Dieser „Hochwassergipfel“ muss aber auch ein Gipfel der Wahrheit werden, denn
> die Gefahren waren bekannt – und wurden ignoriert. Trotz eindeutiger Studien wurde das Notwendige nicht umgesetzt. Zuletzt hatten vor einem Jahr das Umweltbundesamt, der Deutsche Wetterdienst und der Katastrophenschutz in einer gemeinsamen Studie darauf hingewiesen, dass Überflutungen durch Starkregen in Deutschland zunehmen werden;

> 2002 hatten CDU/CSU und FDP (die damaligen Parteivorsitzenden waren Angela Merkel und Guido Westerwelle) einen konsequenten Hochwasserschutz im Bundestag abgelehnt.
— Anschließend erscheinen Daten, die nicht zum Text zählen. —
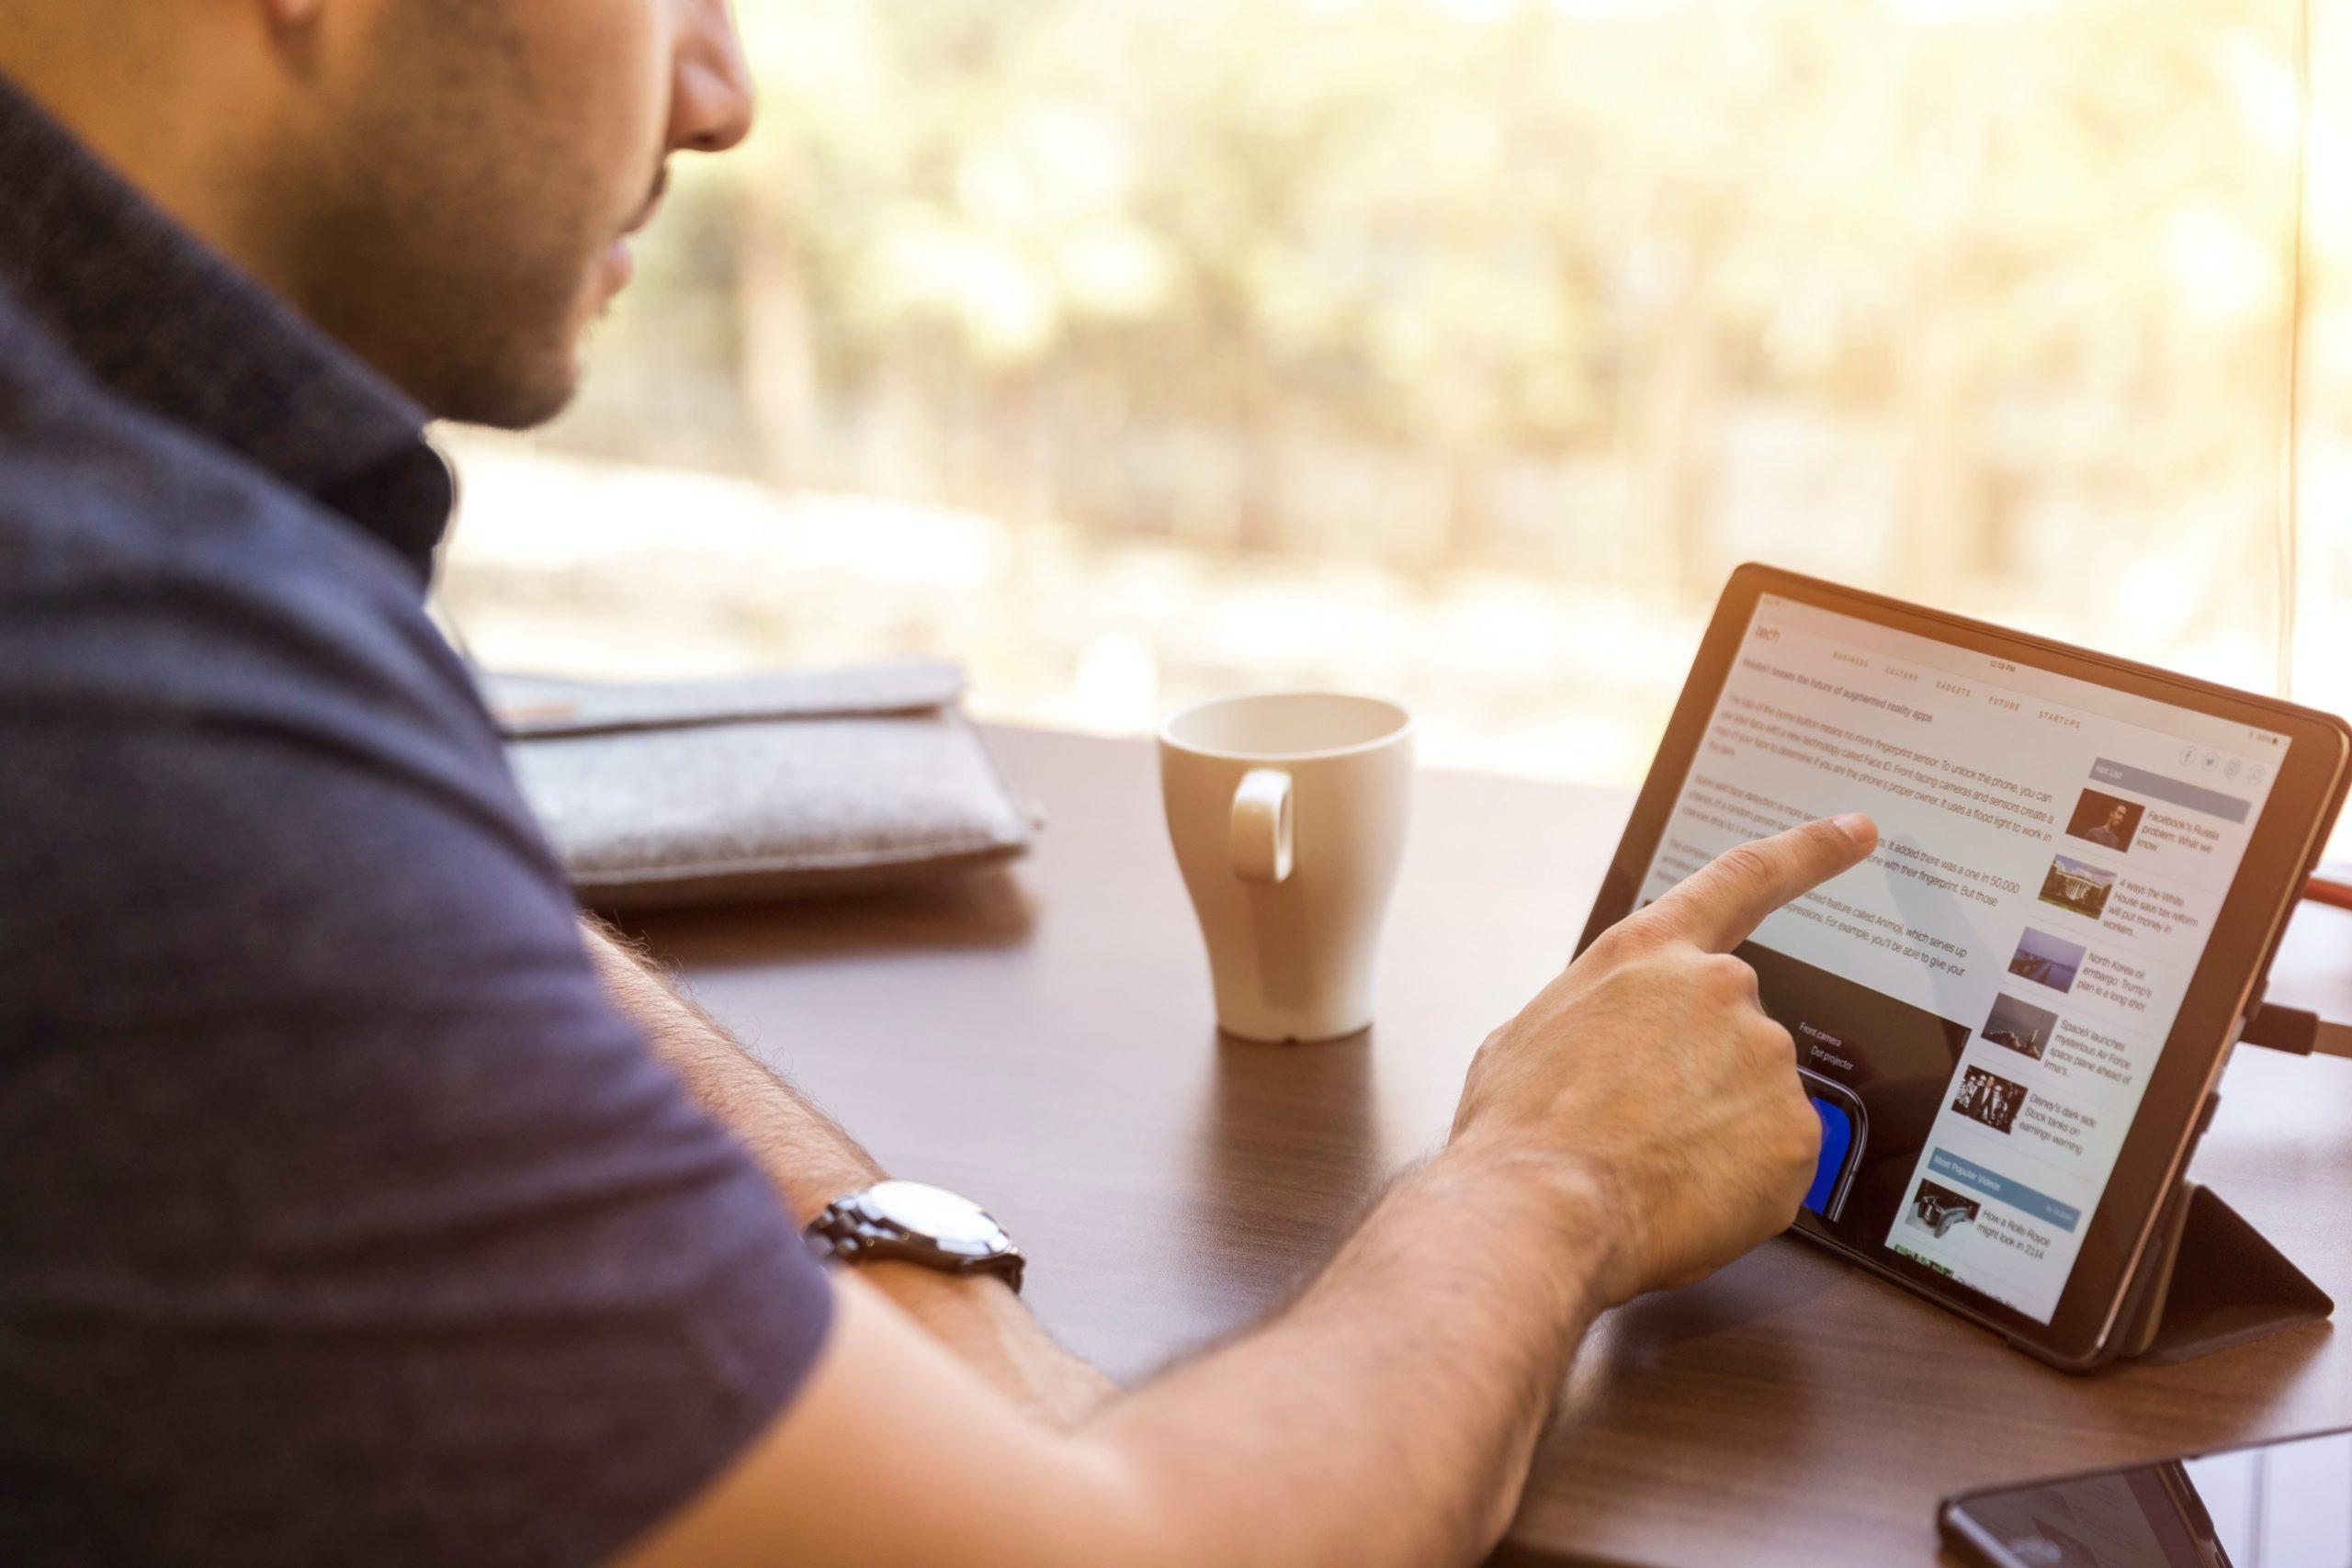 Comment utiliser LinkedIn en 2020 - Webylo

Mit ihrer Mehrheit im Bundesrat hatten die CDU/CSU- und FDP-regierten Länder zusammen mit dem damals rot-gelben Rheinland-Pfalz das Gesetz im Bundesrat gestoppt und wesentlich abgeschwächt;

> die Länder müssen akzeptieren, dass ein Hochwasserschutzgesetz für Deutschland nicht an einzelnen Landesinteressen scheitern darf;

> die FDP muss jetzt endlich aufhören, illusionäre Steuersenkungen zu versprechen. Der Bundeshaushalt muss gestärkt werden.